Once Roz gets home from their walk, she calls Tony on her cell. “What are we going to do?” she asks.

“About Zenia?” says Tony.

“About Billy. The man’s a psychopath. He murdered those chickens!”

“Chicken-murdering is a public service,” says Tony. “Somebody’s got to do it or we’d be six feet deep in hens.”

“Tony. Be serious.”

“What can we do?” says Tony. “She’s not underage, we’re not her mother. She’s already getting that moony woo-woo look.”

“Maybe I’ll hire a detective. See what kind of record Billy’s got. Before he buries her in the garden.”

“That house hasn’t got a garden,” says Tony. “Only a patio. He’ll have to use the cellar. Stake out the hardware store, see if he buys any pickaxes.”

“Charis is our friend!” says Roz. “Don’t make jokes about this!”

“I know,” says Tony. “I’m sorry. I only make jokes when I don’t know what to do.”

“I don’t know what to do either,” says Roz.

“Pray to Ouida,” says Tony. “She’s our last line of defence.”



Their regular walks are on Saturdays, but this is a crisis, so Roz fixes lunch for Wednesday.

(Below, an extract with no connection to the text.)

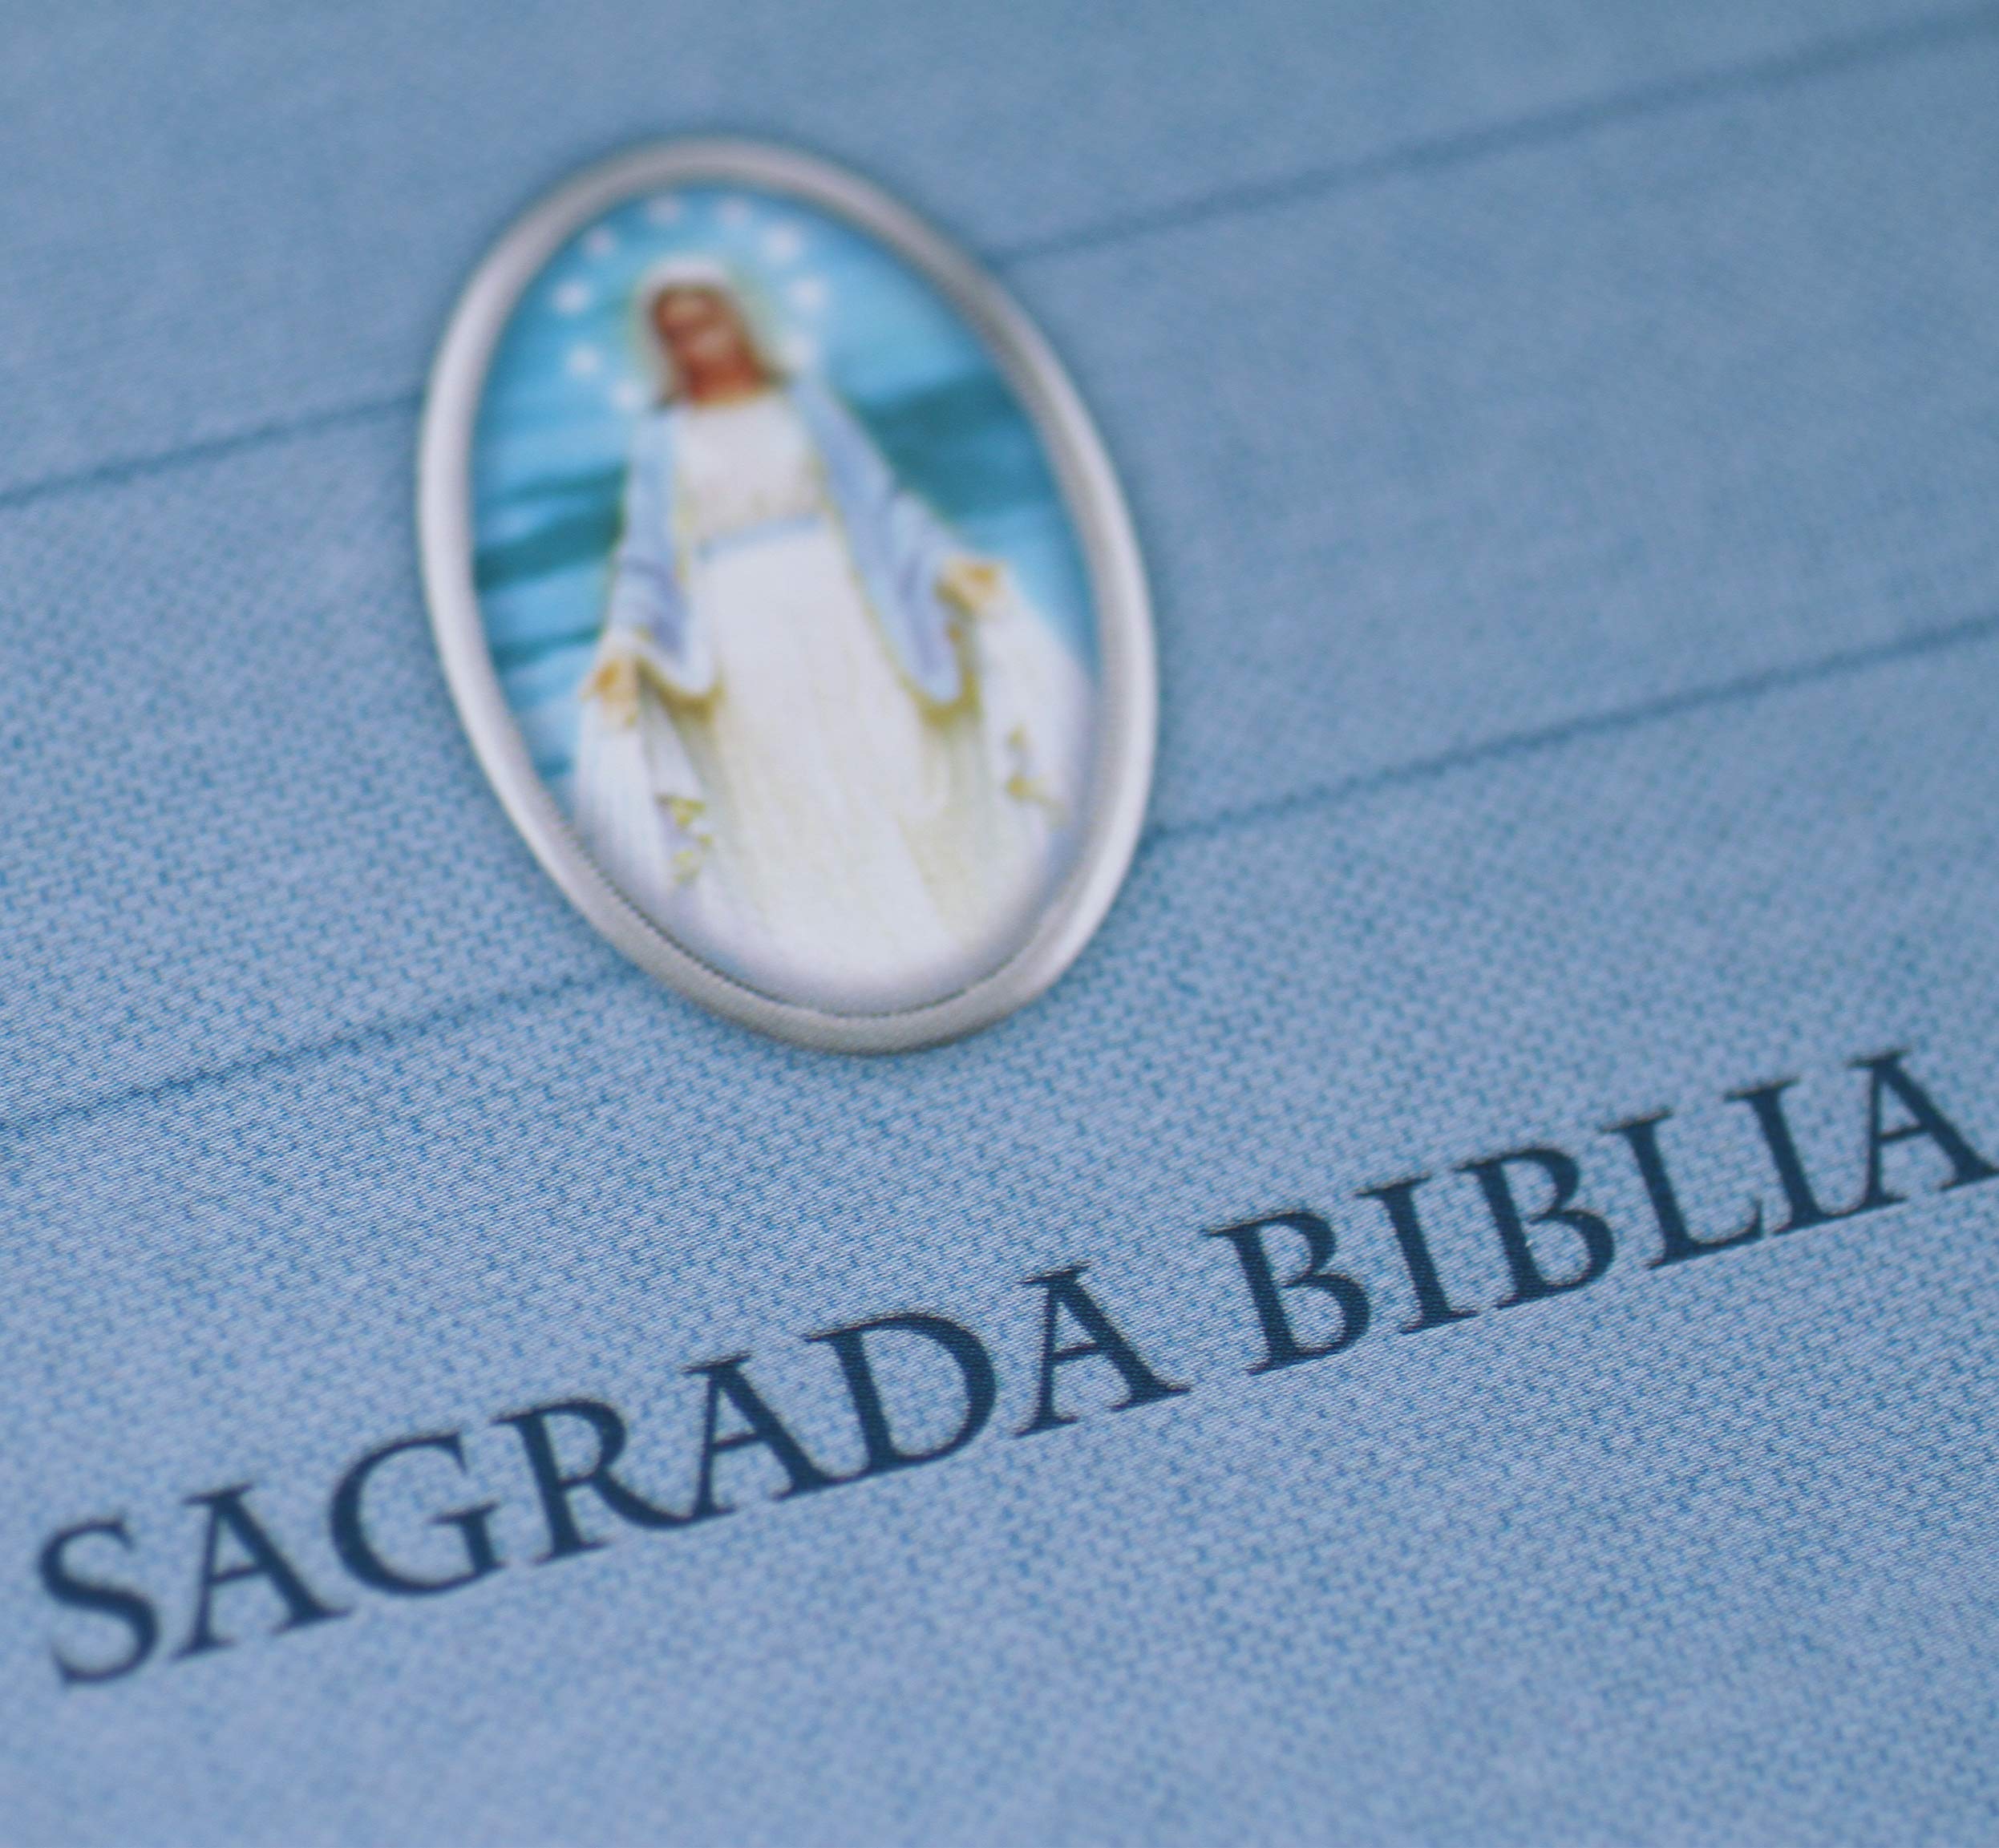 Biblia Católica en español. Tapa dura azul, con Virgen Milagrosa en cubierta / Catholic Bible. Spanish-Language, Hardcover, Blue, Compact

The three of them used to eat at the Toxique, back in the days of Zenia. Queen Street West was edgier then: more green hair, more black leather, more comic book stores. Now the midscale clothing chains have moved in, though there are still some residual tattoo joints and button shops, and the Condom Shack is soldiering on. The Toxique is long gone, however. Roz settles for the Queen Mother Café. A little elderly and battered, but comfy, like the three of them.

Or like the three of them used to be. Today, however, Charis is ill at ease. She fiddles with her vegetarian pad Thai and keeps looking out the window, where Ouida is impatiently waiting, roped to a bicycle stand.

“When’s the next vampire night?” says Roz. She’s just come from the dentist and is having trouble eating because of the freezing. Her teeth are going the way of her high-heeled shoes, and for the same reasons: crumbling and pain. And the expense! It’s like shovelling money into her open mouth. On the bright side, dentistry is far more pleasant than it used to be. Instead of writhing and sweating, Roz puts on dark glasses and earphones and listens to New Age dingle music, borne away on a wave of sedatives and analgesics.